On Monday, March 29, 2021 at 2:09:46 AM UTC-4 [hidden email] wrote:
Lou,

as Seth said, this is a very common encoding. My research pointed me towars RFC2047, but I must admit that I have my troubles seeing the forest among all those trees when it comes to RFCs.
For the part between "=?UTF-8?Q?" and "?=" you can use my QuotedPrintableCoder from VASTGoodies. I also have  an unfinished version of an RFC2047 code in my private repository for the surrounding part which also uses the Base64Encoder for cases in which the encoding is B instead of Q. I didn't find the time to do the encoding part yet, however. Shouldn't be too much work, but I had other things to do and so I moved on before it was finished ...  I'll contact you in private about this.


Joachim




Seth Berman schrieb am Sonntag, 28. März 2021 um 21:20:02 UTC+2:
Hi Lou,

There are probably lots of articles on how specifically to handle these, but this is from RFC 1342: Representation of Non-ASCII Text in Internet Message Headers

The grammar is defined lower in the doc, but from your example we can see a "Quoted-Printable" encoding  (since the encoding is a Q).
You will want to refer to the grammar for encoded-text which leads you to see that =20 is a <space> and =21 is an <exclamation mark> in UTF-8

Therefore, the substitution would look like:
encoded-word = "=" "?" charset "?" encoding "?" encoded-text "?" "="                                                                     ---->
                          =  "=" "?" utf-8 "?" Q "?" 20Items=20on=20Sale=20at=20up=20to=2040%=20off=21 "?" "="      ---->
                          =  "=" "?" utf-8 "?" Q "?" Items on Sale at up to 40% off! "?" "="                                                        ---->
                          ...


- Seth

On Sunday, March 28, 2021 at 12:08:43 PM UTC-4 [hidden email] wrote:
Hi Seth,

I have a question.  Some of the email have subjects that look like this:

'=?utf-8?Q?33=20Items=20on=20Sale=20at=20up=20to=2040%=20off=21?='

and from>personalName that look like this:

'=?utf-8?Q?MPJA.com=20=2D=20Email=20Specials?='

They look like html encodes string?  Any idea what I need to do to convert them to cleaner looking text?

Lou 


On Saturday, March 27, 2021 at 11:16:37 AM UTC-4 Seth Berman wrote:
Thanks Lou,

I'll admit, SMTP was a lot more enjoyable to write than IMAP.
The volume of RFCs to get a handle on for IMAP was considerable because we ended up supporting a lot of extensions.
But it was interesting to do things like IMAP IDLE support.

Many thanks

- Seth


On Saturday, March 27, 2021 at 10:43:14 AM UTC-4 [hidden email] wrote:
Hi All,

I have an old program that reads the email headers from various email accounts and displays them in two lists, those that it thinks I want to delete and those that I want to keep.  The program was written a long time ago with Totally Objects Socket Set.

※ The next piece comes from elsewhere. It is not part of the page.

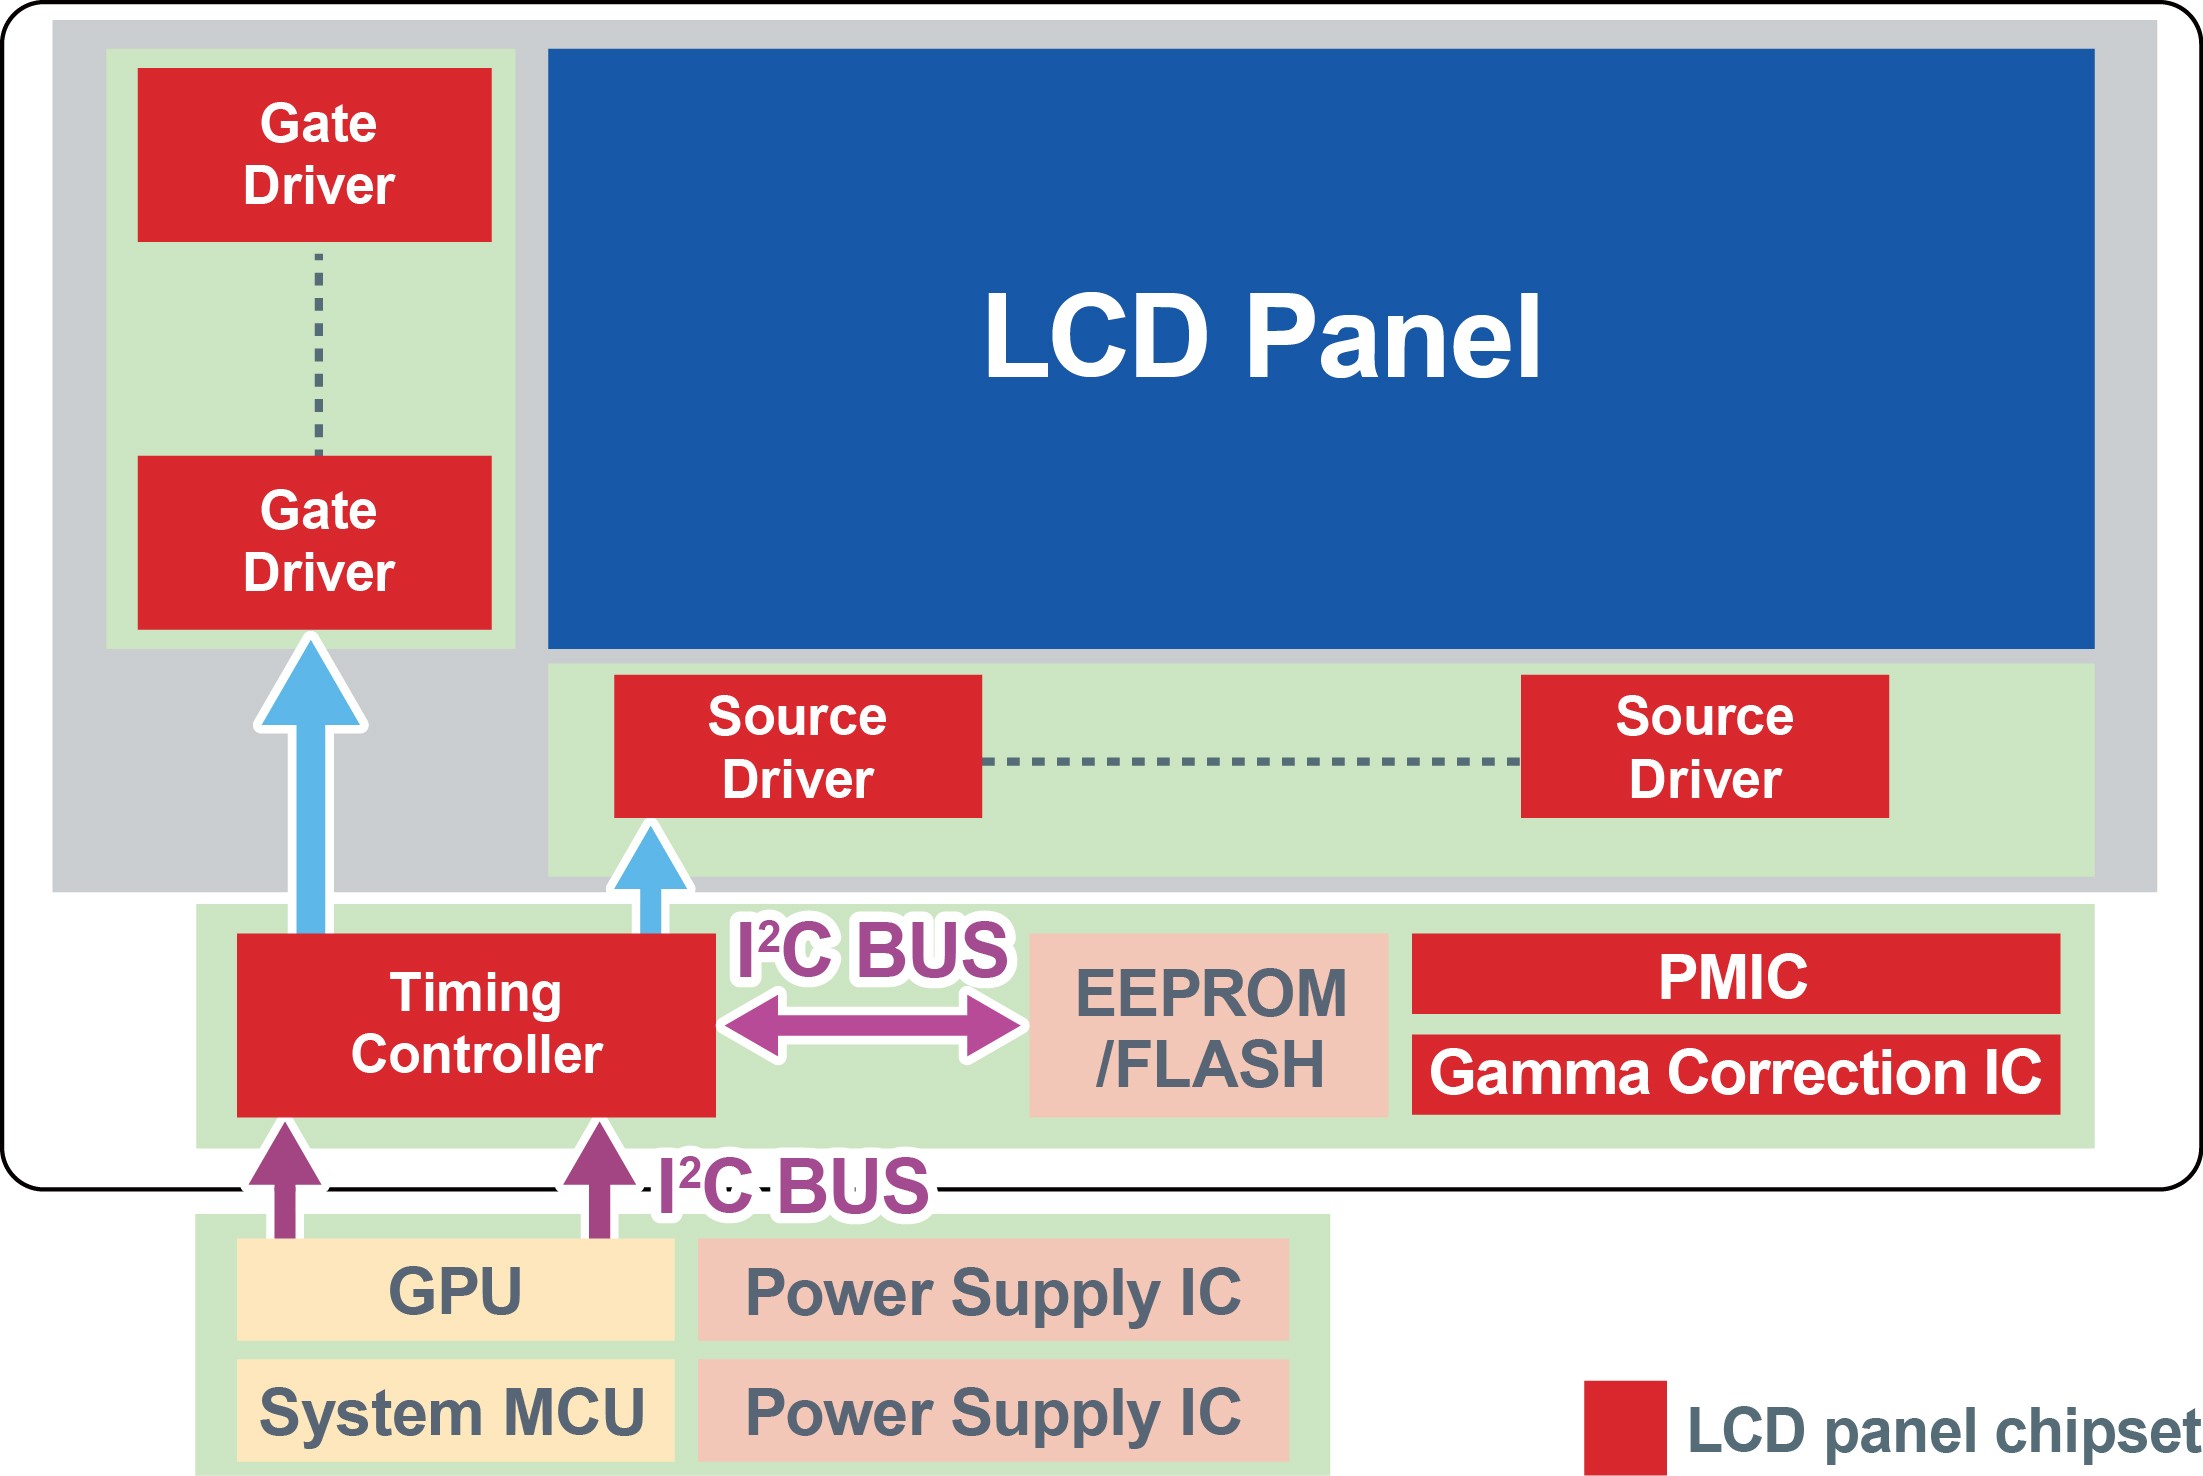 Chipsets for High Definition LCD Panels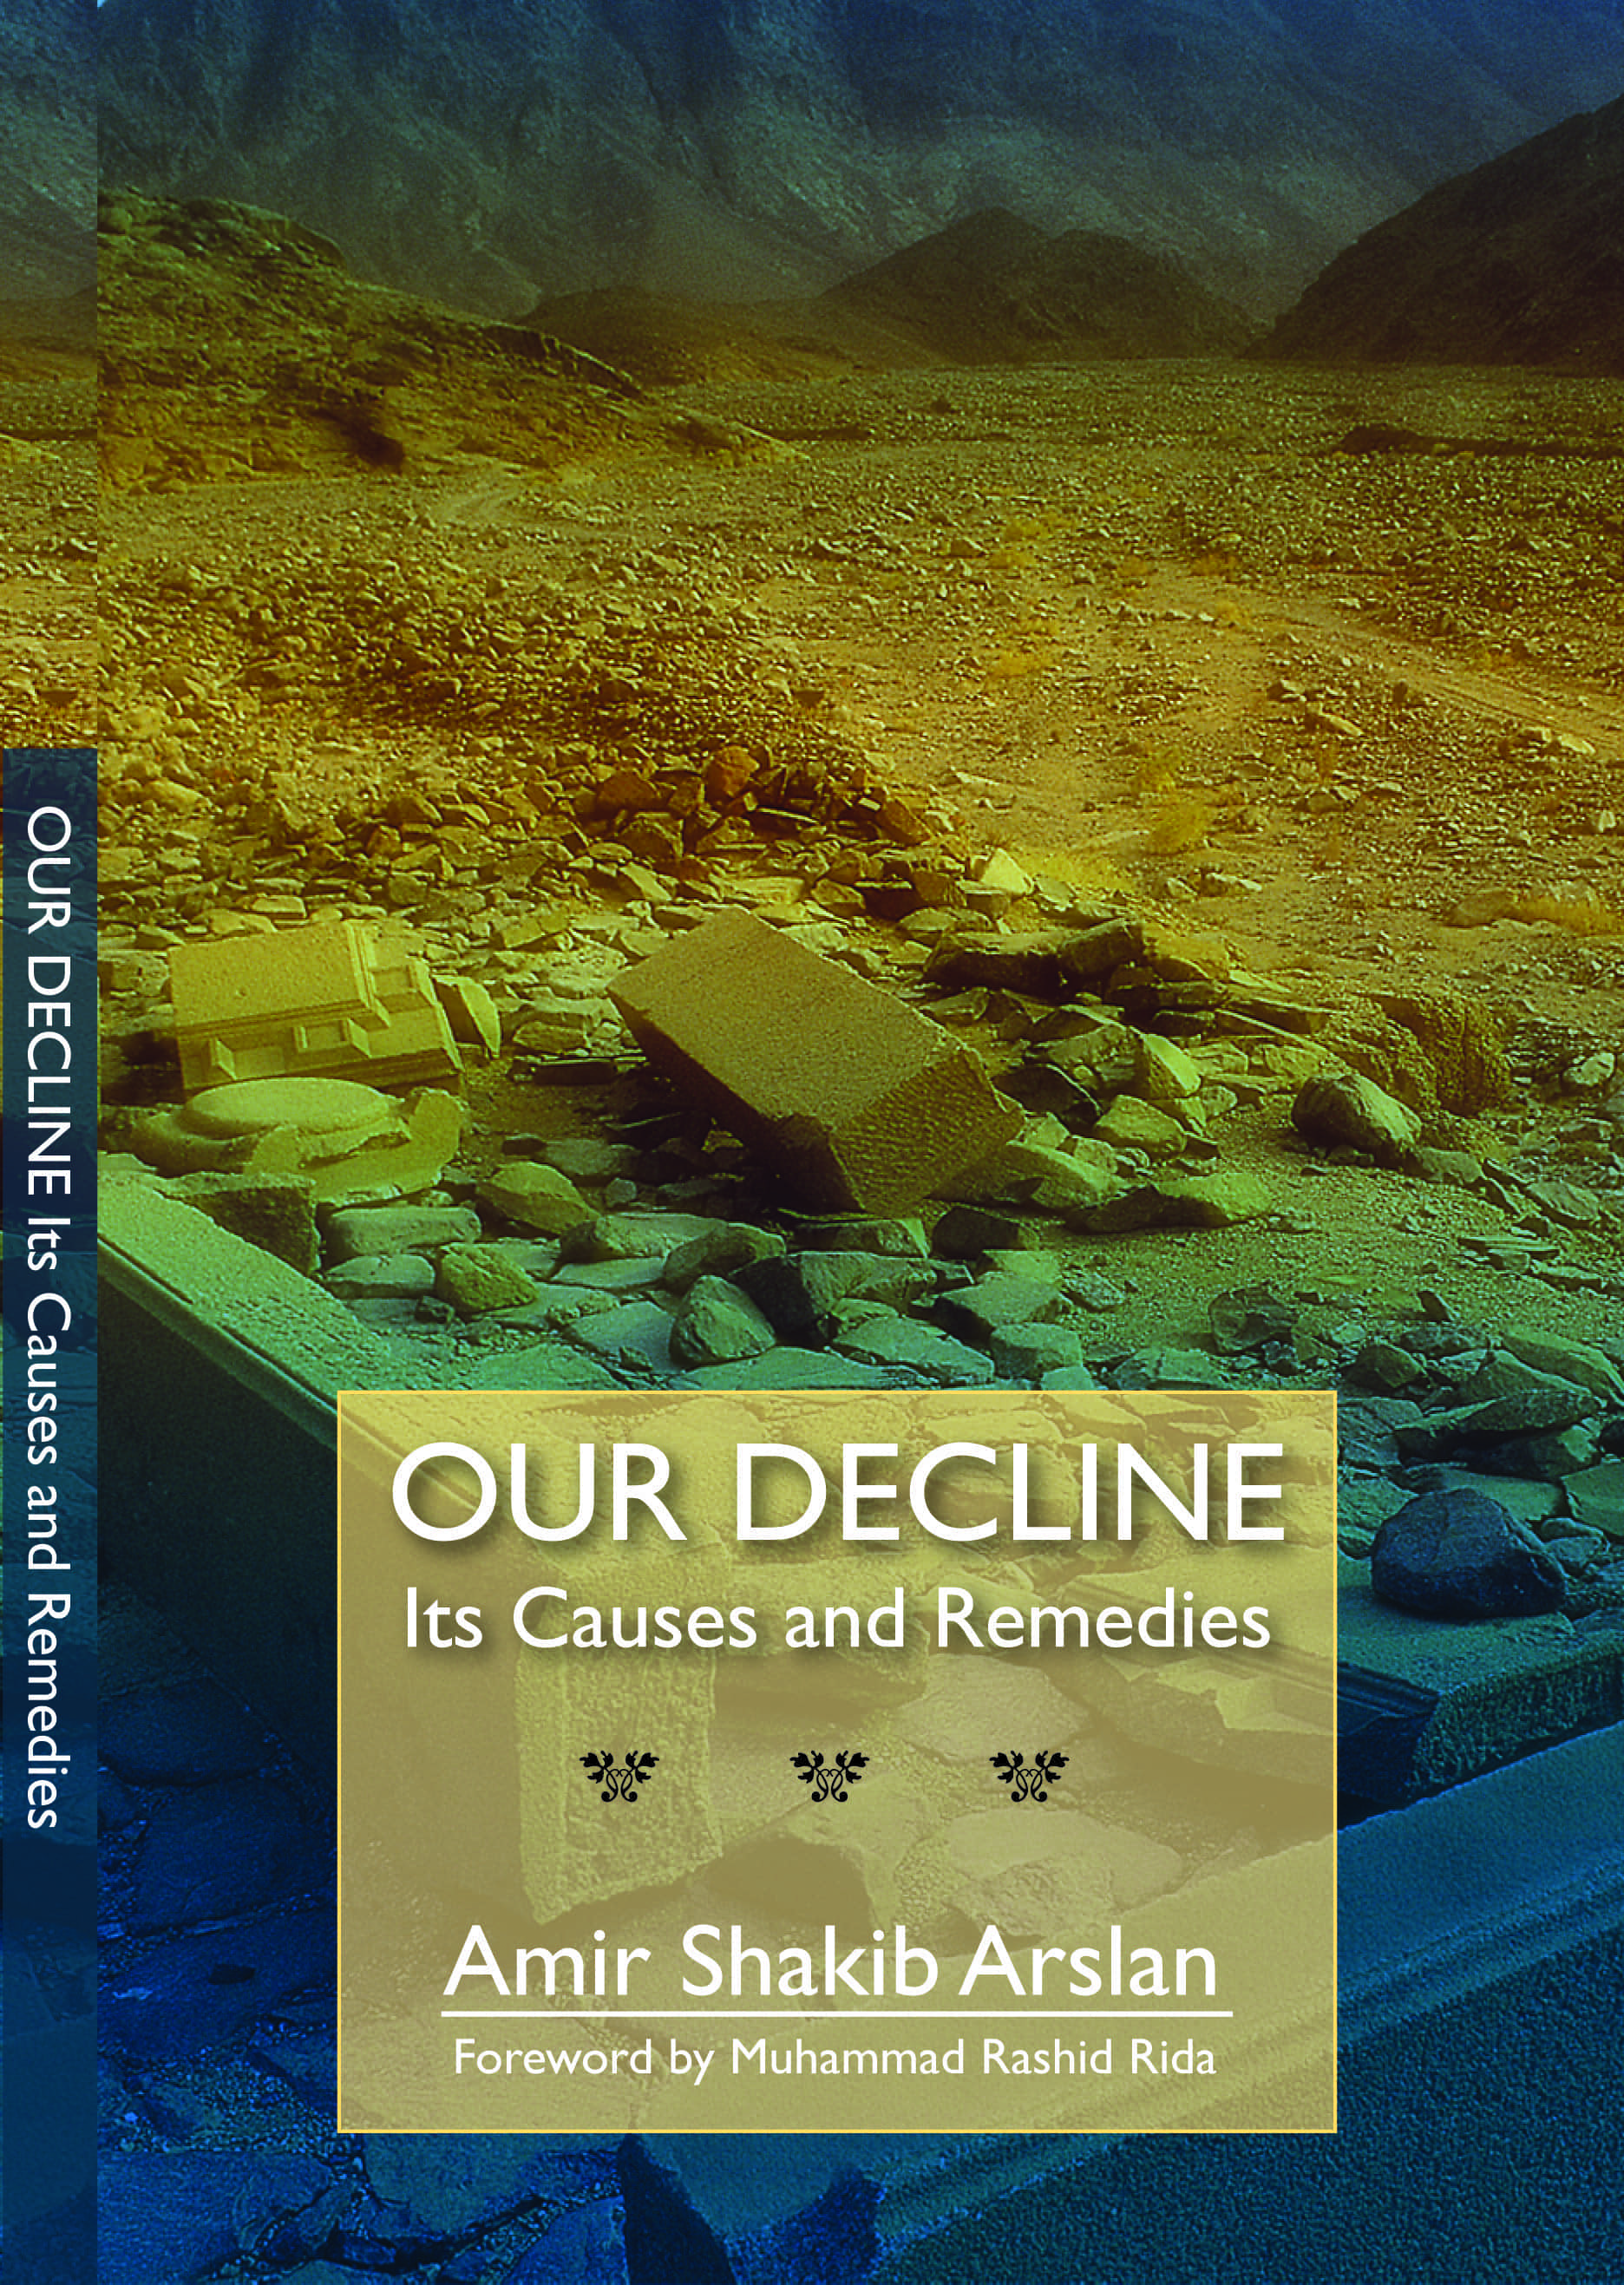 Our Decline: Its Causes and Remedies

Socket Set only does POP3, so I decided to upgrade the program to IMAP.  I really like the Instantiations IMAP interface.

With POP3, once an email is deleted, it is gone.  With IMAP it is flagged as deleted but remains until it is expunged, so it can be recovered.  I like this because every once in a while I would accidently delete emails before having read them into my email client.  With IMAP I can delete them and undelete them before they are gone for good.  There is one problem with that.  My email client (Forte Agent, which is old but I like it) reads via POP3 and sees and reads the "deleted" email.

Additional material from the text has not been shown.